To be presented at the ACM WSDM Health Search and Data Mining Workshop HSDM 2020 on 3 February 2020 in Houston, USA.
[download preprint] [download from arXiv]
Source code is available as deidentify. We aimed to make it easy for others to apply the pre-trained models to new data, so we bundled the code as Python package which can be installed with pip.
Our paper received the Best paper award!
by Somtochukwu Enendu, Johannes Scholtes, Jeroen Smeets, Djoerd Hiemstra, and Mariet Theune
This paper describes the use of sequence labeling methods in predicting the semantic labels of extracted text regions of heterogeneous electronic documents, by utilizing features related to each semantic label.
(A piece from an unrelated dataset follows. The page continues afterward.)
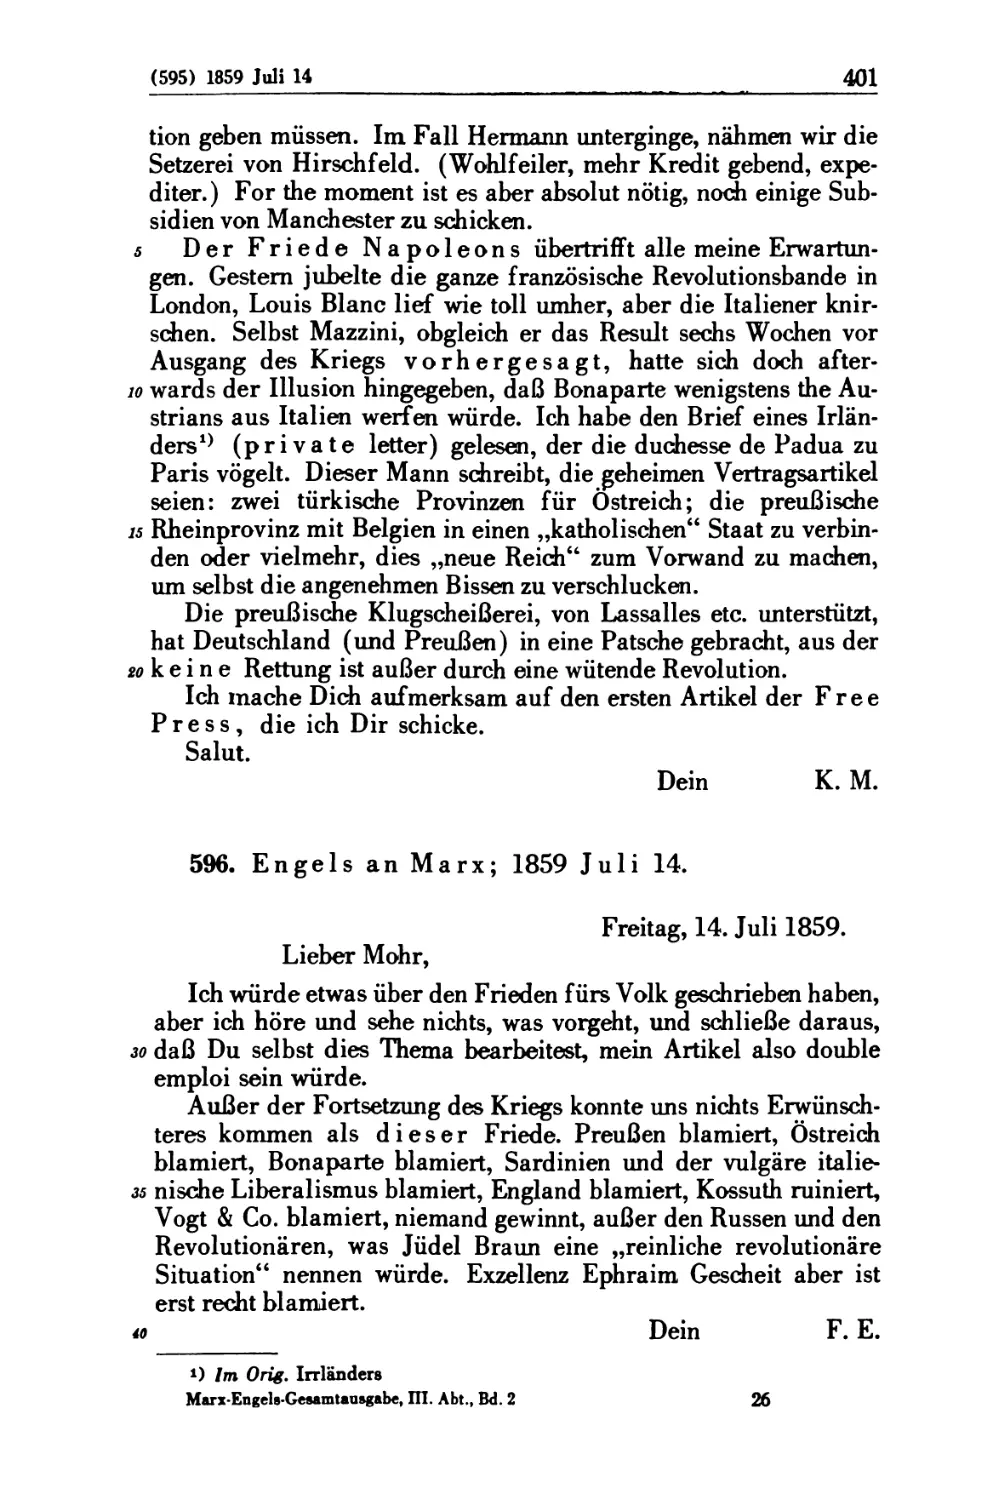 596. Engels an Marx; 1859 Juli 14
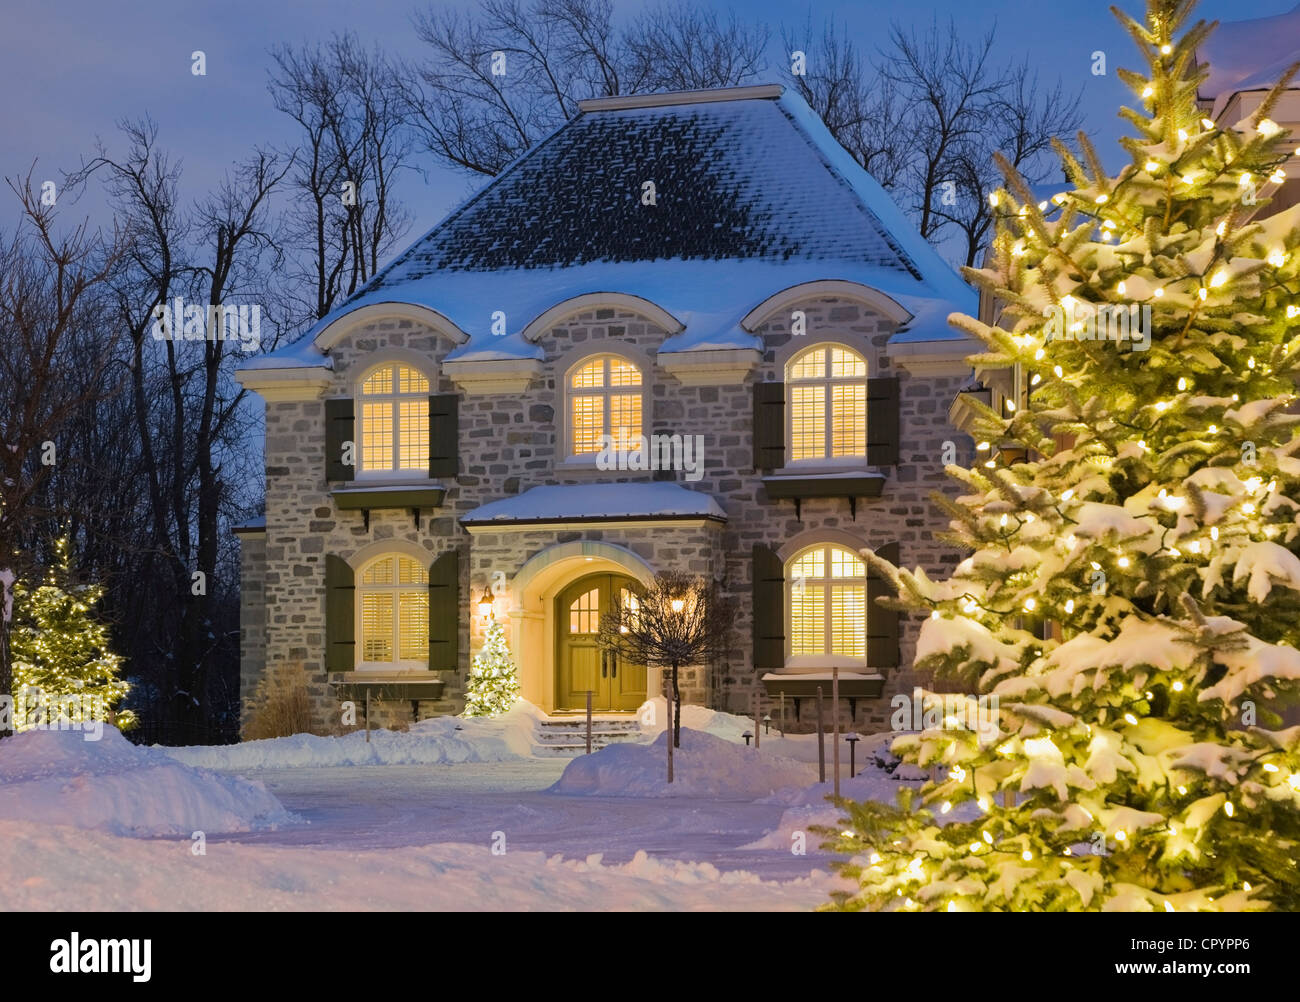 Chalet luxueux de style résidentiel maison avec les arbres à feuilles persistantes illuminée au crépuscule en hiver, Québec, Canada Banque D'Images

In this study, we construct a novel dataset consisting of real world documents from multiple domains. We test the performance of the methods on the dataset and offer a novel investigation into the influence of textual features on performance across multiple domains. The results of the experiments show that the neural network method slightly outperforms the Conditional Random Field method with limited training data available. Regarding generalizability, our experiments show that the inclusion of textual features aids performance improvements.
Presented at The Conference on Natural Language Processing (“Konferenz zur Verarbeitung natürlicher Sprache”, KONVENS) on 9-11 October in Nürnberg, Germany
Predicting Semantic Labels of Text Regions in Heterogeneous Document Images
by Somtochukwu Enendu
This MSc thesis describes the use of sequence labeling methods in predicting the semantic labels of extracted text regions of heterogeneous electronic documents, by utilizing features related to each semantic label. In this study, we construct a novel dataset consisting of real world documents from multiple domains. We test the performance of the methods on the dataset and offer a novel investigation into the influence of textual features on performance across multiple domains. The results of the experiments show that the Conditional Random Field method is robust, outperforming the neural network when limited training data is available. Regarding generalizability, our experiments show that the inclusion of textual features does not guarantee performance improvements.